• Input data:
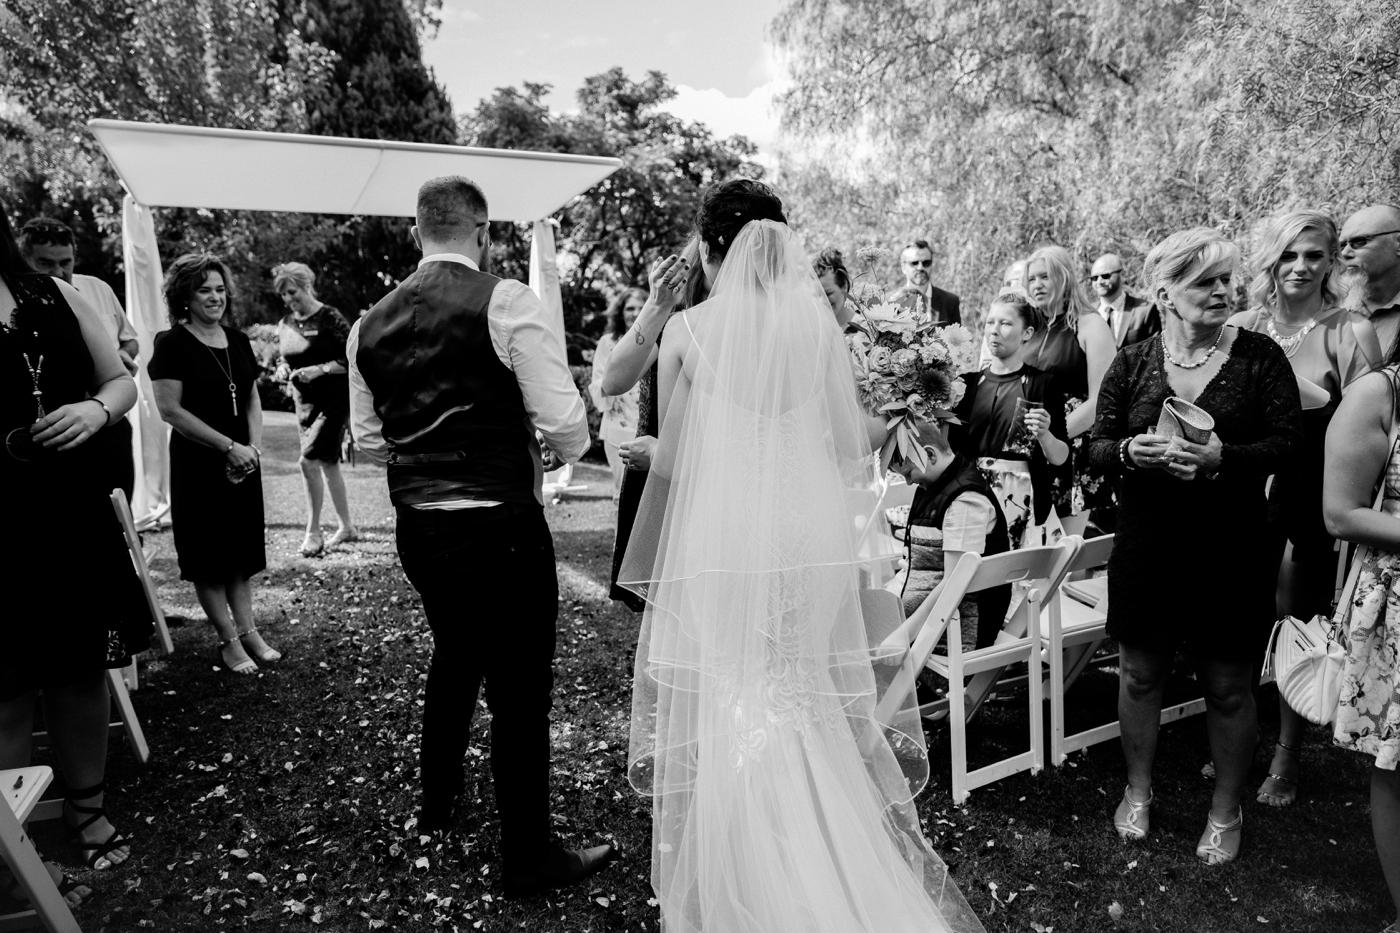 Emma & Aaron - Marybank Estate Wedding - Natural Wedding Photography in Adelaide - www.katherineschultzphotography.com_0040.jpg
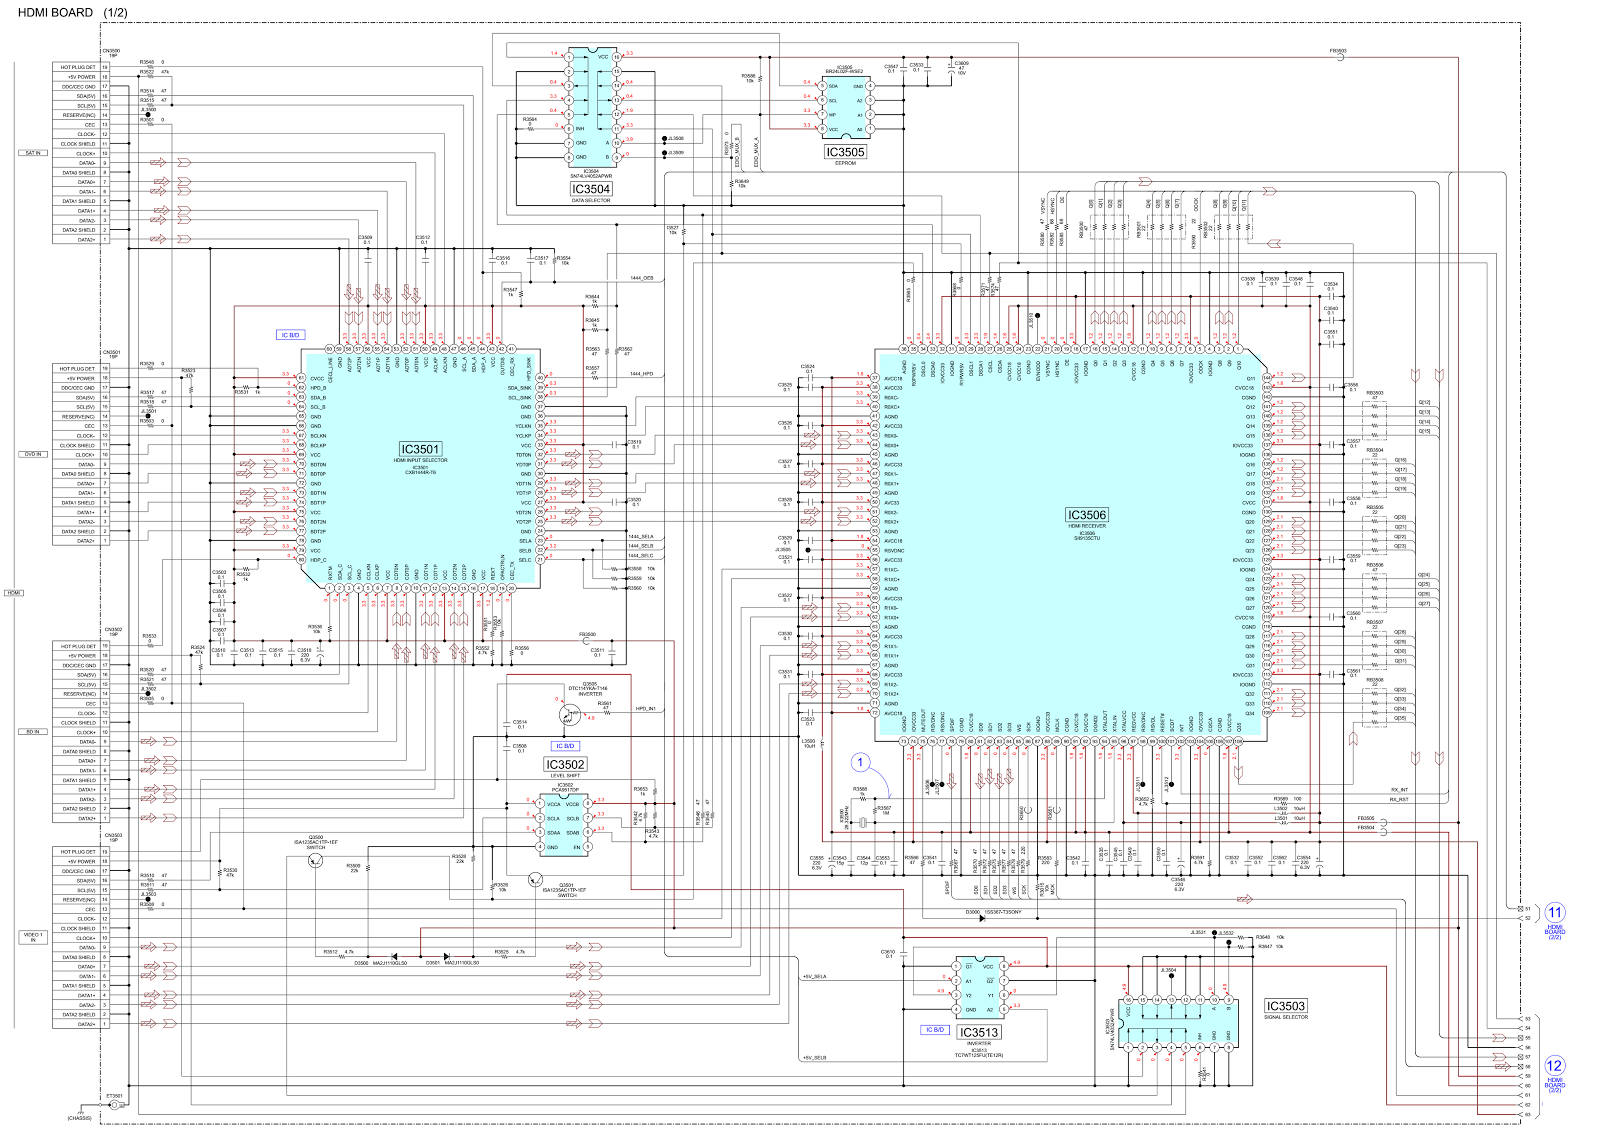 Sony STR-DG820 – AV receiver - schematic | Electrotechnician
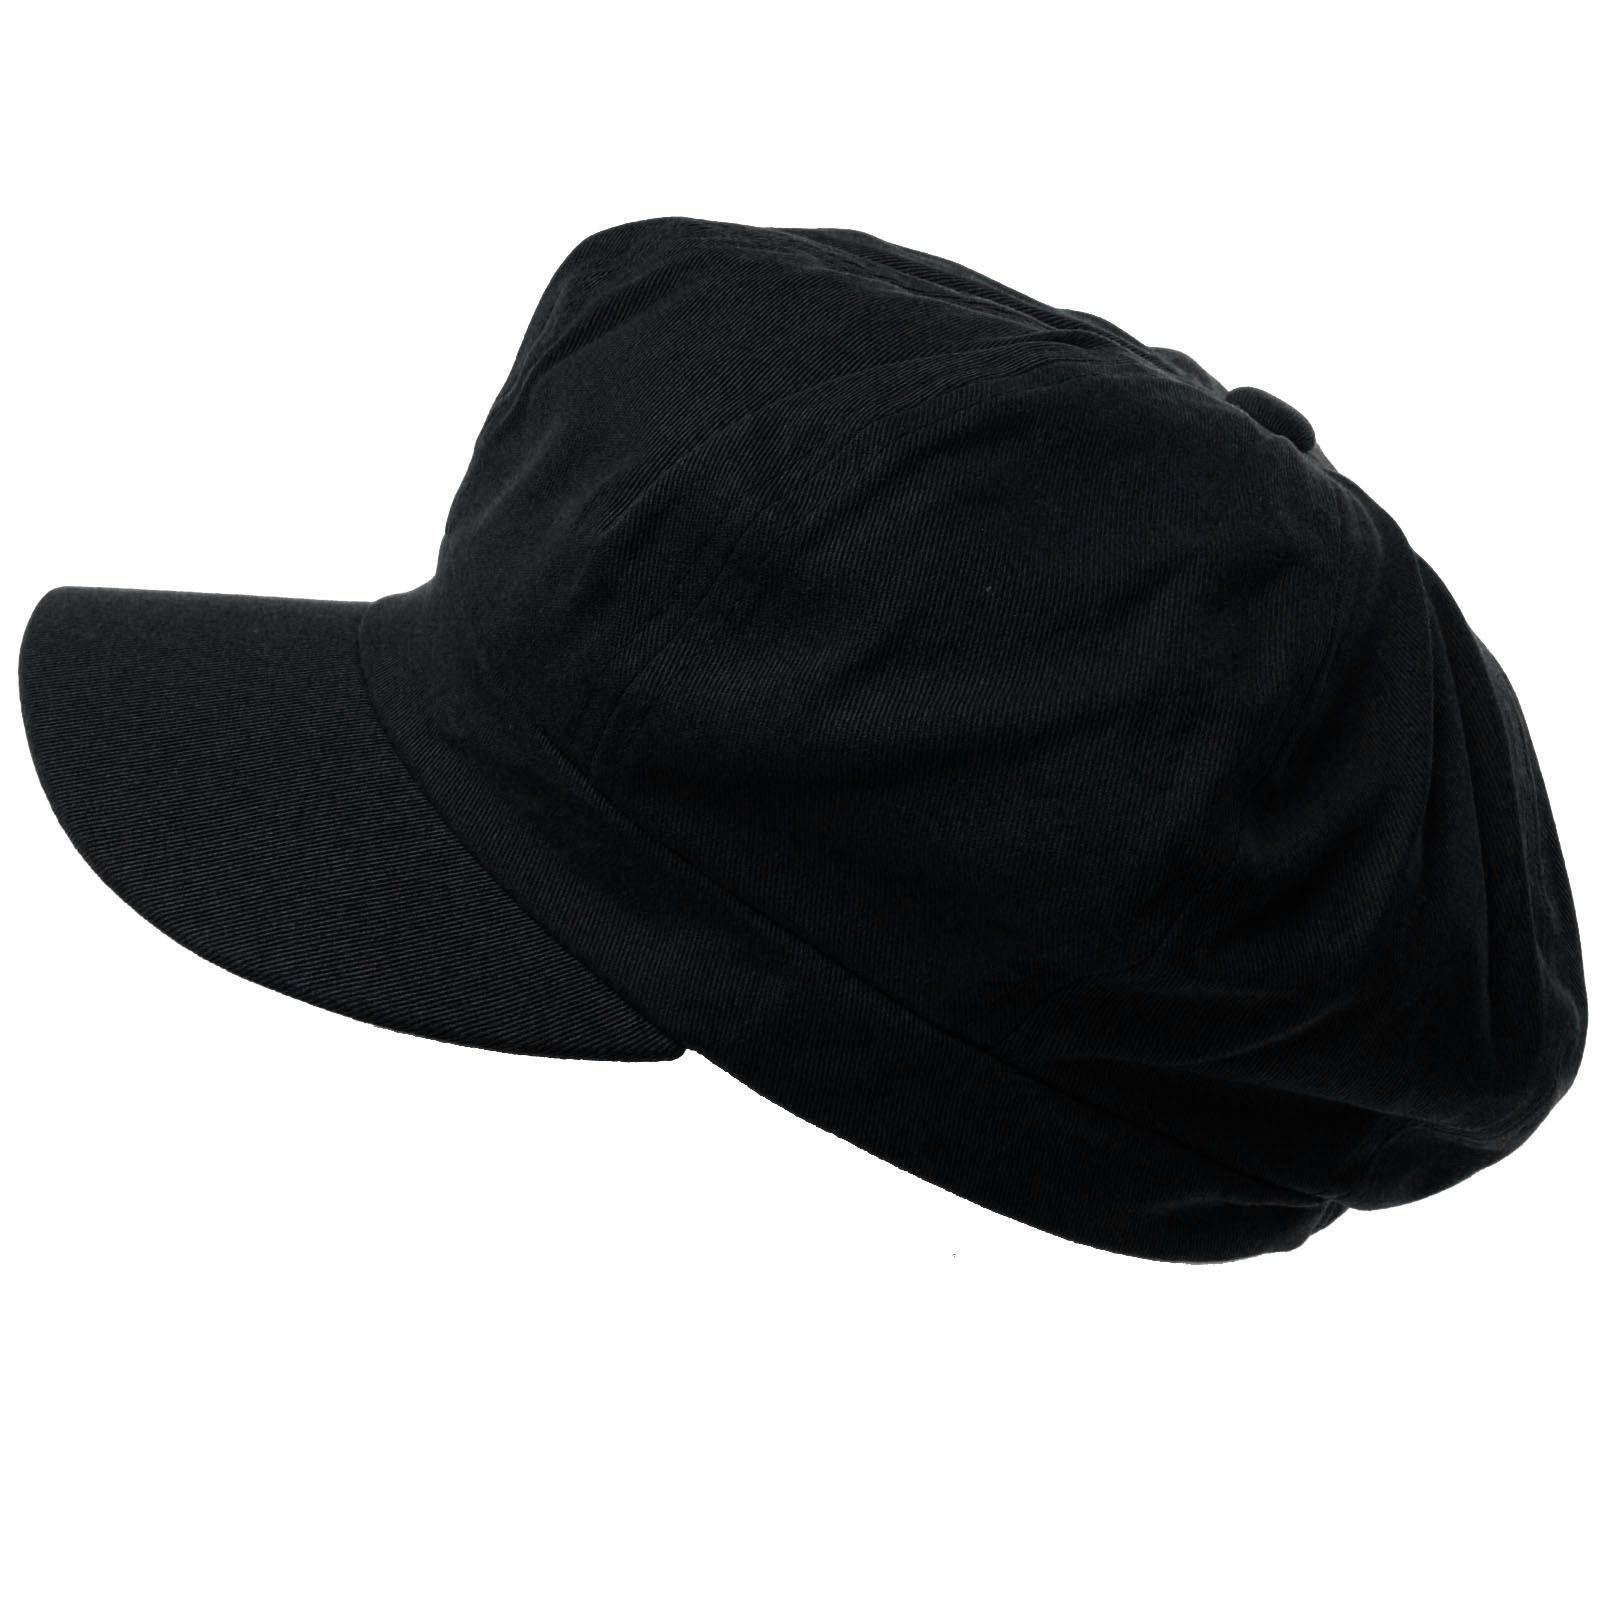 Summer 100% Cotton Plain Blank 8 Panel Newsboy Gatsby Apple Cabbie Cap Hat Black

• Your instructions:
Every line from the one with "Sony STR-DG820 –" through the end of the material above should be restated word for word, with the pictures left out.

• Written reply:
 Sony STR-DG820 – AV receiver - schematic | Electrotechnician
 Summer 100% Cotton Plain Blank 8 Panel Newsboy Gatsby Apple Cabbie Cap Hat Black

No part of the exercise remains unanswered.